Однако в отечественной традиции, как ни странно, существуют на этот счет — о должном в культуре и об отношении к культуре — два полярных мнения. Выражены они были в архаичной и краткой, почти лапидарной, форме, в одном из самых знаковых столкновений принципиальных позиций на исходе так называемого Серебряного века. В «Переписке из двух углов» Вячеслава Иванова и Михаила Гершензона, увидевшей свет в 1921 году.
Напомню, что один из корреспондентов — Иванов — рассматривал культуру как открытую сокровищницу, из которой человек волен черпать все что ему угодно и потребно без всяких ограничений. Выводя понятие «культуры» через «культ» от Первоисточника с имманентными ему первичными категориями любви и свободы, исключающими насилие и принуждение. И рассматривая культуру как «культ отшедших и вечную память», сводя воедино преходящий мир земной и Вечность. Творца и творение. Мертвых и живых. Придавая тем самым культуре важнейшее «осевое» значение как в структуре человеческой личности, так и в мировой истории. Его оппонент Гершензон, напротив, видел в культуре «систему тончайших принуждений», де-факто вводя в нее элемент радикального насилия, запрета и наказания. И допуская тем самым возможность манипулирования культурой во внеположных ей целях. Ведь «тончайшее» легко сделать толстым и грубым. Достаточно лишь оснастить его ложью или соблазнами.
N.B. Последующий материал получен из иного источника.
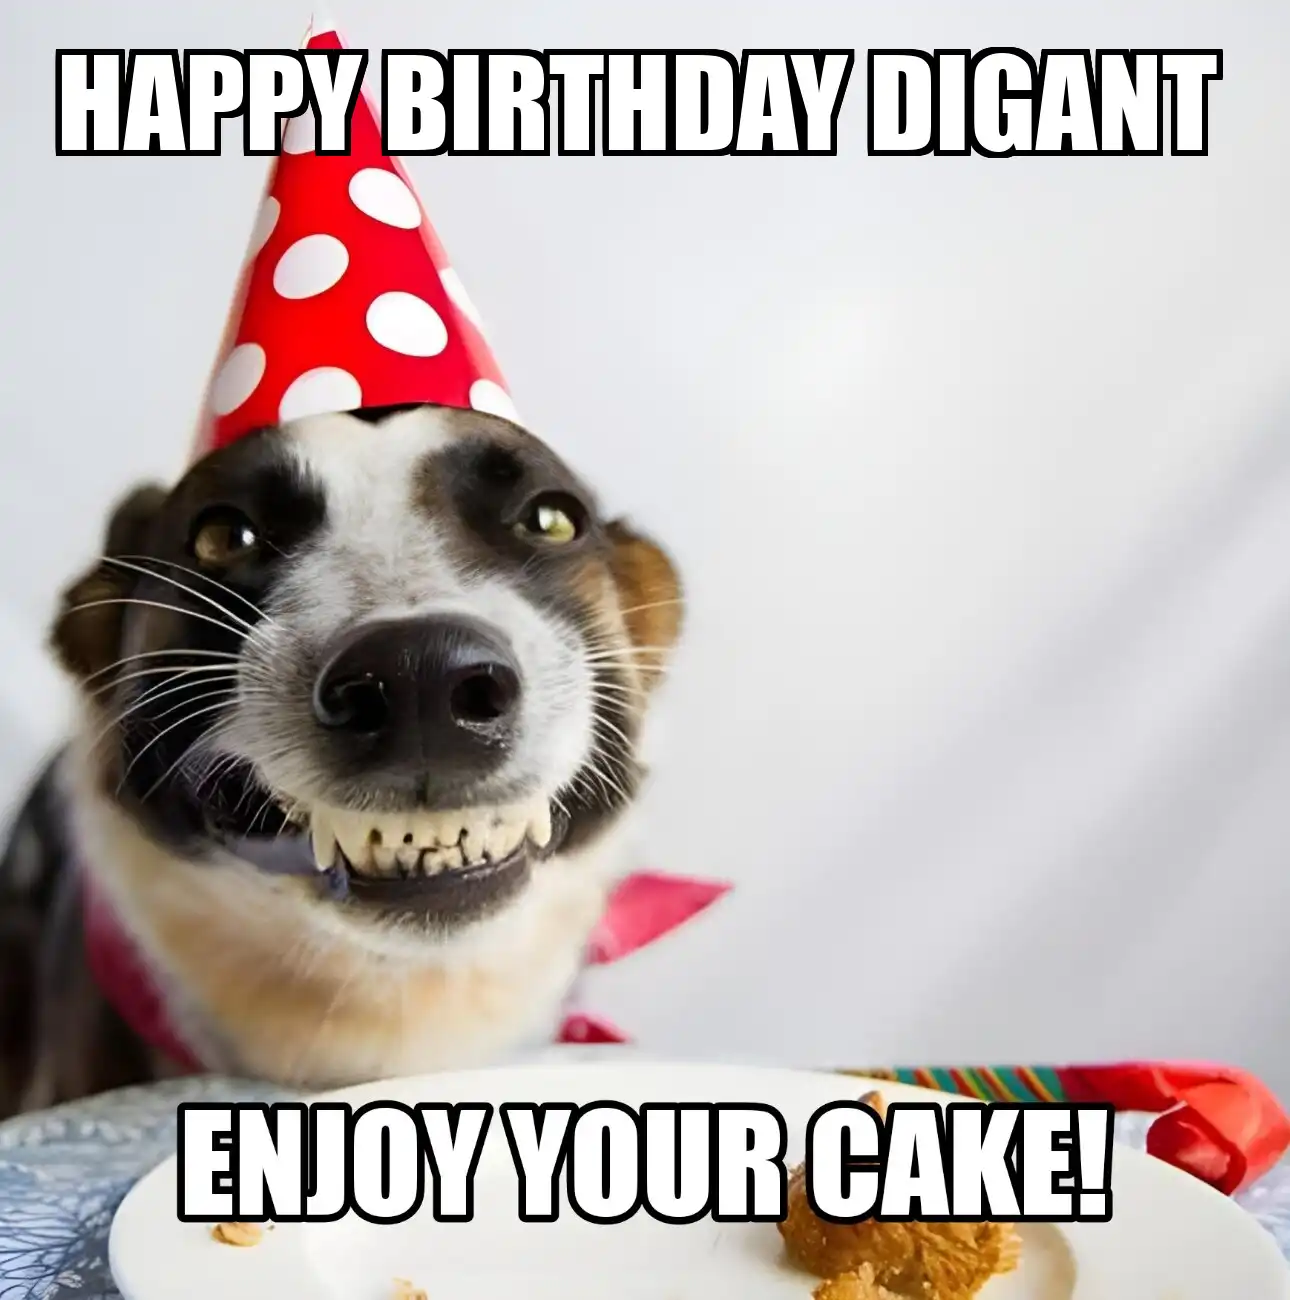 Happy Birthday Digant Enjoy Your Cake Dog Meme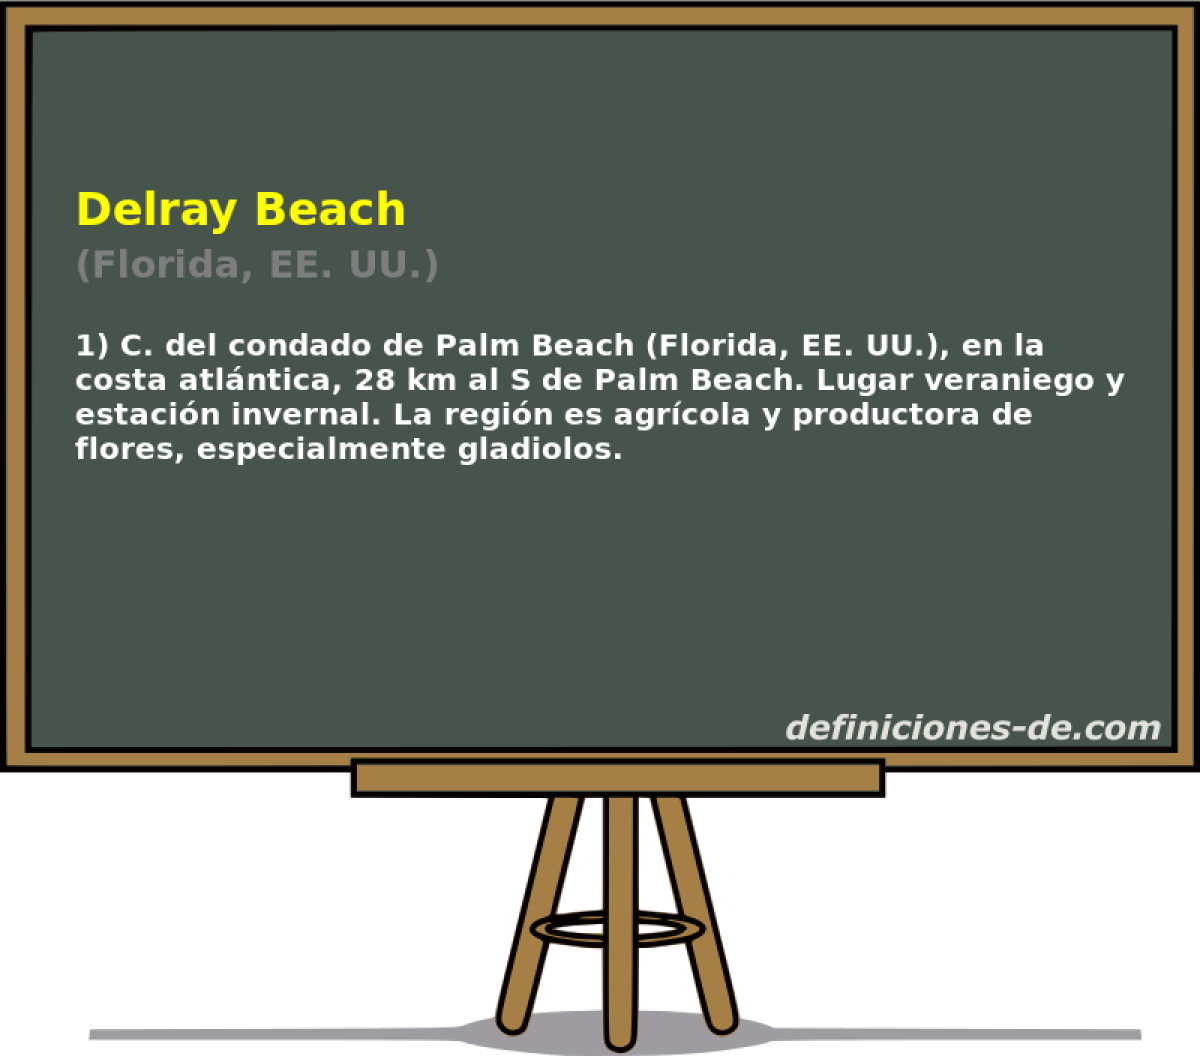 Delray Beach (Florida, EE. UU.)

Интересно, что тема бинарной оппозиции в культуре звучит не только в «Переписке из двух углов», но ив ставшей классической книге Владимира Паперного «Культура Два», хотя, конечно, там акценты расставлены иначе. Как, впрочем, и в проекте Марата Гельмана «Россия 2», и политической партии «Другая Россия», и в дуумвирате на самом властном верху. Впрочем, последний пример имеет отношение не к культуре как таковой, а скорее к архаичным «близнечным мифам».
Нет нужды говорить, что способ существования культуры, описанный Вячеславом Ивановым, остался его собственным, сугубо умозрительным, достоянием, не разделенным, пожалуй, больше никем. Или почти никем. Например, Борис Вышеславцев писал о Свободе воли и Праве как о важнейших элементах культуры, выводя именно из них, а не из охлократического всеобщего волеизъявления, свое представление о демократии. Но кто теперь помнит Вышеславцева, а слово «Право» всегда вызывало у русского уха аллергию и раздражающее непонимание, еще в XIX веке выраженное поэтом Б. Н. Алмазовым:
Впрочем, со временем оказалось, что, не влезая в правовые нормы, наши идеалы вполне вольготно себя чувствуют в не менее формализованных уголовных понятиях. А вот парадигма, описанная Гершензоном, оказалась единственно востребованной. Как до революции, когда культура явилась, с одной стороны, служанкой «освободительного движения», а с другой — выразительницей «охранительных начал». Лишенной тем самым как самостоятельного значения, так и функционального потенциала.
Так и после общероссийской катастрофы. Сначала, по соображениям политики и идеологии, слово было предоставлено «товарищу Маузеру». Потом жестокой цензуре, запретам на профессии, постоянной угрозе смены привычного быта на тюремно-лагерный арестантский уклад и выработке условных рефлексов на однообразные звуки партийной дудочки.
Когда от горячки классовой борьбы и земшарной республики советов осталась только «старая отцовская буденовка», найденная «где-то в шкафу», на место примитивным и варварским, но все же идеям пришли банальные деньги. Или все то, что в них конвертируется. Например, в качестве ultima ratio, бейсбольная бита или статья Уголовного кодекса.
Ведь невозможно иначе, вне схемы, лишь робко и пунктирно намеченной тончайшим и рафинированным Михаилом Осиповичем Гершензоном, осмыслить все те надругательства над культурой, творившиеся и творимые сначала правительством, а потом и гражданами. Впрочем, правильнее сказать, что они действовали всегда совместно. Хотя иногда и разнонаправленно. Но с наилучшими намерениями, обусловленными политической целесообразностью или групповыми интересами.